Counting the line with "T-shirt - Smile!" as the last one, copy out the lines of the data exactly from the first onward.
:: DATA FOR ANALYSIS
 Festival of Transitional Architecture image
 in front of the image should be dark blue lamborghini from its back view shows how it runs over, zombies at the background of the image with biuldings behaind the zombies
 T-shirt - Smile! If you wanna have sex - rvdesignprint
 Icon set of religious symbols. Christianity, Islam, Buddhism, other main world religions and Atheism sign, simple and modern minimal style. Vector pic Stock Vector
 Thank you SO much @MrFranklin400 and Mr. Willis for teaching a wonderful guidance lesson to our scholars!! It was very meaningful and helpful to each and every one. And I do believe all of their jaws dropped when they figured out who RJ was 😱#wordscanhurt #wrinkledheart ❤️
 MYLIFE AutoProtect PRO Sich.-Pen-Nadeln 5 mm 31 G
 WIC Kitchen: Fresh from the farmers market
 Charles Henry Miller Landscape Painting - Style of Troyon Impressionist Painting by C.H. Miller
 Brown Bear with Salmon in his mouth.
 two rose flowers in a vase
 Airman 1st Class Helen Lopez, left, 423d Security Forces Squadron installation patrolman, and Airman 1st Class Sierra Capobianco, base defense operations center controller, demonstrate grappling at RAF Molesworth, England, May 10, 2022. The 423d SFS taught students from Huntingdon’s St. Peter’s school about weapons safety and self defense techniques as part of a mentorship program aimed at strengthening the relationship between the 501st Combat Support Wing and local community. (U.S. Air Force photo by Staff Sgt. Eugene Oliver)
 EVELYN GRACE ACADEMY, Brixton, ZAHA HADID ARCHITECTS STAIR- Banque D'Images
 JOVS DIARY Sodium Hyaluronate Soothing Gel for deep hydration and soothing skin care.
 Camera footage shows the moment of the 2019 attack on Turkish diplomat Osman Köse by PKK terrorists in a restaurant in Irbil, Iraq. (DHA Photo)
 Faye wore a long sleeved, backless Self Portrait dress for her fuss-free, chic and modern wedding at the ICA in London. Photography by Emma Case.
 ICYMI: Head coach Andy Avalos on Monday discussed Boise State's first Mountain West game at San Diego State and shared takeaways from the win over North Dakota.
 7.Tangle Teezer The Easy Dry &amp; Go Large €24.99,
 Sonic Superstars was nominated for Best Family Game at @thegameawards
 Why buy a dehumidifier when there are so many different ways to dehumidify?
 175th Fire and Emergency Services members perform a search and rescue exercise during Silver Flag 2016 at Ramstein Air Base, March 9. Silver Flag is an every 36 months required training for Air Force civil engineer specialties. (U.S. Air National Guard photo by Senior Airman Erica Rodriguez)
::::
● RESPONSE AREA
 Festival of Transitional Architecture image
 in front of the image should be dark blue lamborghini from its back view shows how it runs over, zombies at the background of the image with biuldings behaind the zombies
 T-shirt - Smile! If you wanna have sex - rvdesignprint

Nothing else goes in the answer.